What about my own cooking I hear you ask. You did, didn’t you? My earliest cooking memories all involve my brother, Alasdair. He is only 11 months younger than me so we did a lot together. The Victoria sponge we made makes a good example. We had to beat everything together with a wooden spoon and found that startlingly boring after a bit. As a goodie two shoes I kept bleating that we must get all the lumps out and keep going. Alasdair was having none of it. So the mix went in the tins complete with multiple small lumps. We also opened the door to look at the cake a few times while it was cooking. Incredibly, it was the lightest sponge I have ever eaten. I have never been prepared to reproduce the lumps when cooking a sponge or keep opening the door to look but it really was a triumph. Well Done Alasdair.
Have you noticed that my stories so far involve cooking not quite going to plan? I think I need to continue in that vein a little longer and tell you about my chocolate terrine mishap.
Long ago, even before I was married, I often made a three choclate terrine for friends. It was delicious. A layer of chocolate sponge on top with white chocolate mouse forming the middle layer and dark chocolate mousse at the bottom. It even looked quite impressive.
One day I was happily cooking for friends coming for a meal the following day and, inevitably, the chocolate terrine was due to feature. I had made the chocolate sponge and it was already lining the base of the loaf tin as I made the white chocolate mousse. Then the phone rang. As I chatted I happily poured the mousse mix on top of the sponge and put it in the fridge to set. Perfect. I carried on chatting then went out for a bit. Three hours later I returned to the kitchen to make the dark chocolate mousse. Catastrophe. I found my sponge floating on top of white liquid. Whoops. Chatting on the phone, I had totally forgotten to whip the cream and fold it in. I needed to rescue my tragic looking pud. It turned out that putting the sponge in a seive and patting it a bit to get the liquid out, then replacing it in the tin and carrying on the recipe as I should have done to start with was totally unapparent in the final pudding. What a result. Although more than 25 years later I can still remember how the sponge looked floating on the white liquid and how horrified I was. Yuck.
So, how has my MND impacted on my cooking so far? Not much at all to date, so I have plenty more scope for cooking catastrophes. I have a few photos to show you to prove I can do several things still. I have to admit they don’t look gorgeous.
On Monday morning I started cooking a chilli to bubble away in the slow cooker throughout the day. Look, I can peel and slice onions
I can also stir everything together in the pan. This bit doesn’t look great. Sorry.

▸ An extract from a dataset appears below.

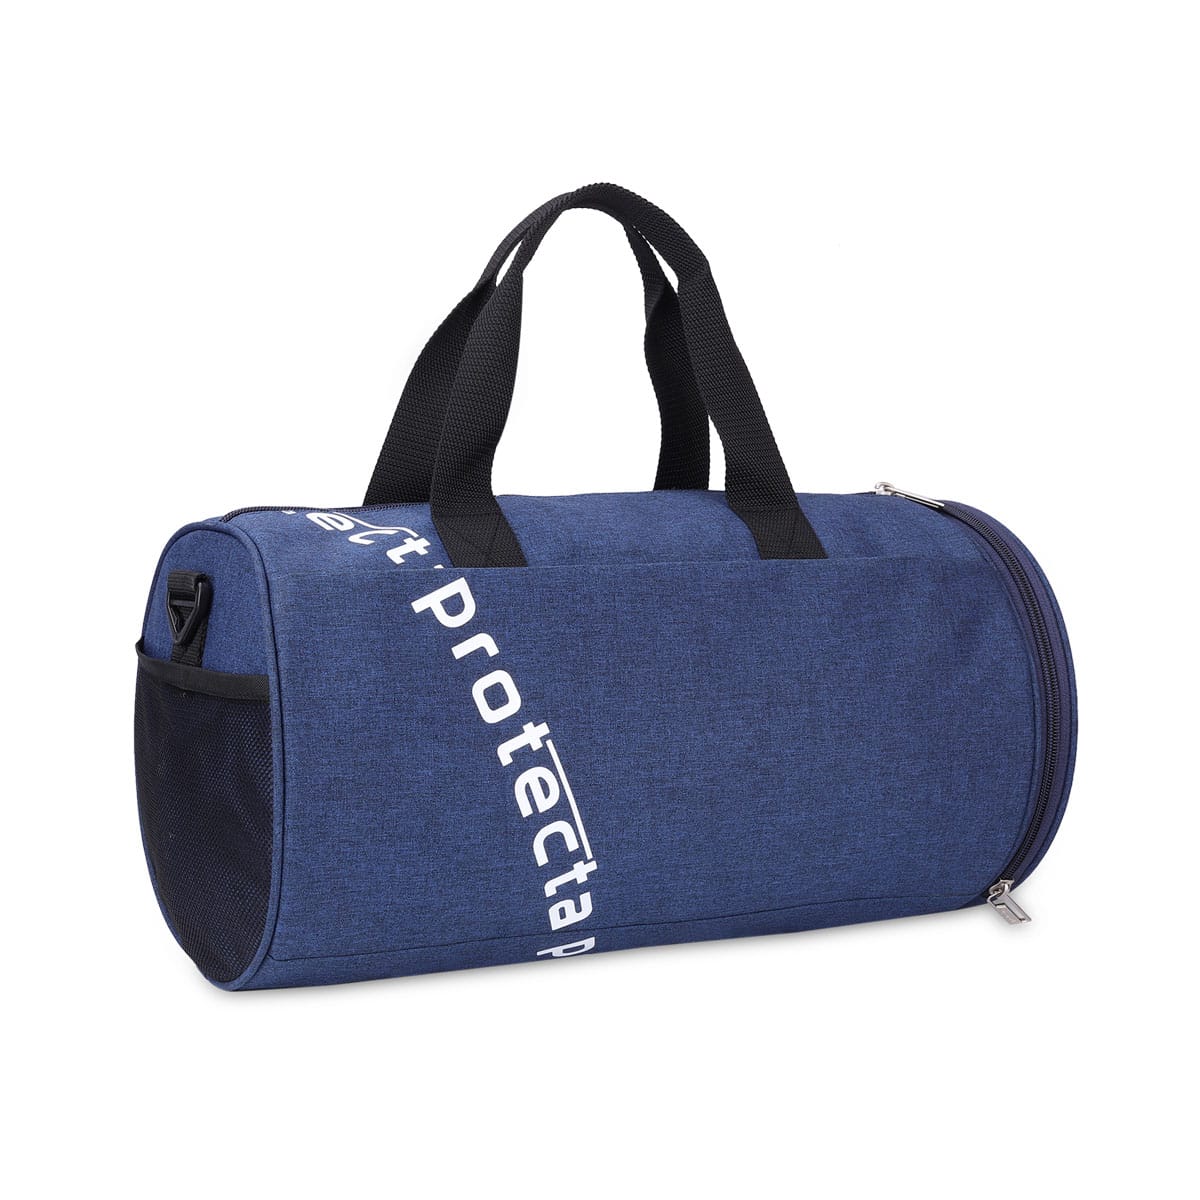 Indigo | Protecta Basic Element Gym Bag-2
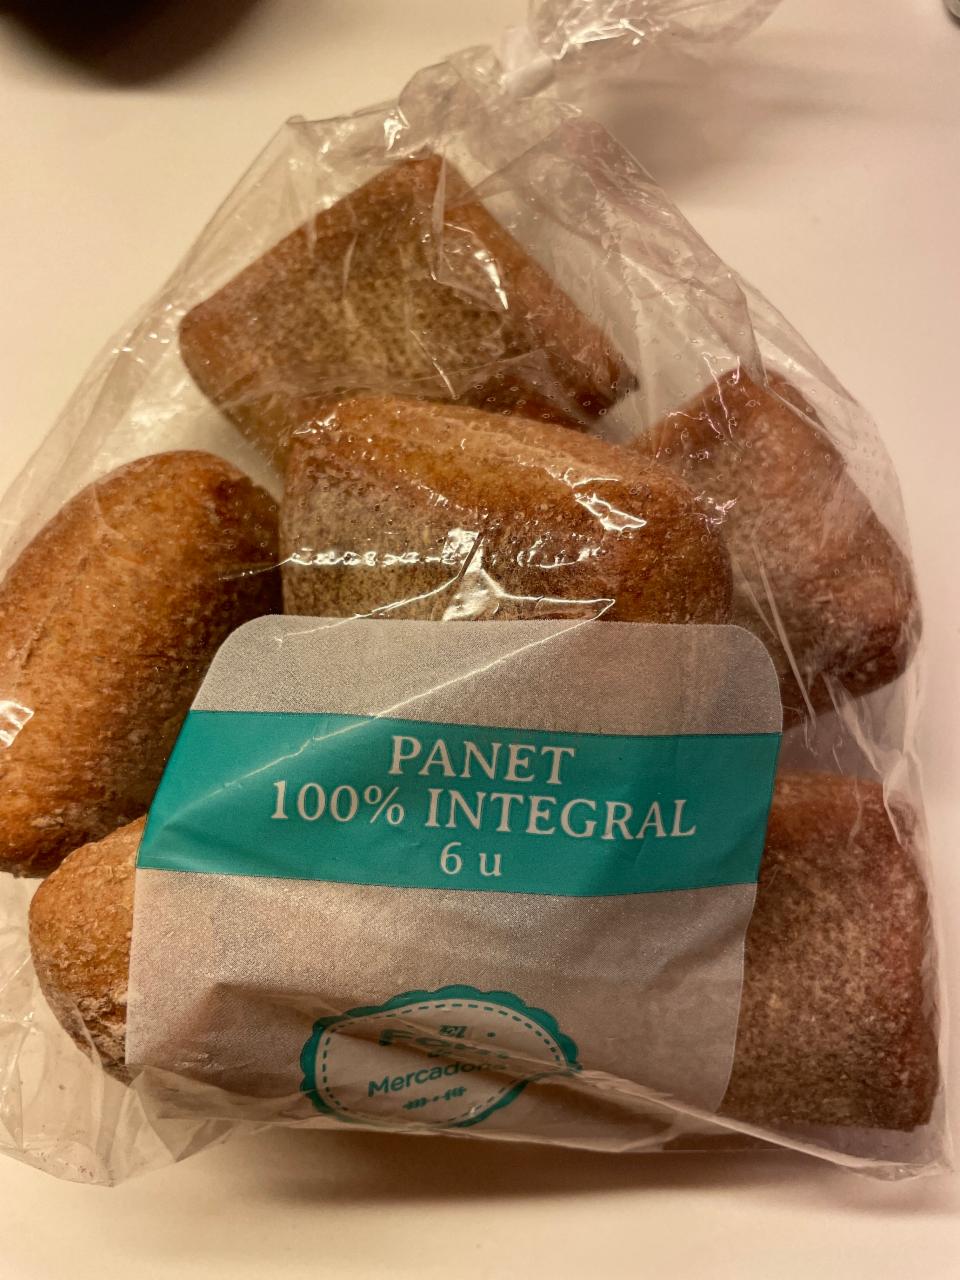 Фото - Хліб висівковий Panet 100% Integral Mercadona

It turns out what I can’t do easily now is open ring pull cans of tomatoes or kidney beans properly. I used to love them as they were so quick and easy to get into. Not now. I can do it but my thumb is a bit too weak for the role it is meant to play. I had to peel back the lids without using my thumb to add stability. This worked for the kidney beans which just sat politely in the tins. Chopped tomatoes were less successful as some of the juice gleefully shot out of the tin and splashed my top. You live and learn. But everything did end up in the slow cooker. Hurrah.
Luckily the end result, which I forgot to take a photo of, was delicious. Meanwhile my husband is thinking happy electric can opener thoughts as well as no more ring pull excitement.
For now I can happily keep cooking so I very definitely plan to enjoy doing it. After all, my husband is gleefully planning ready meals for when I can no longer cook. I think I need to keep cooking for as long as I can.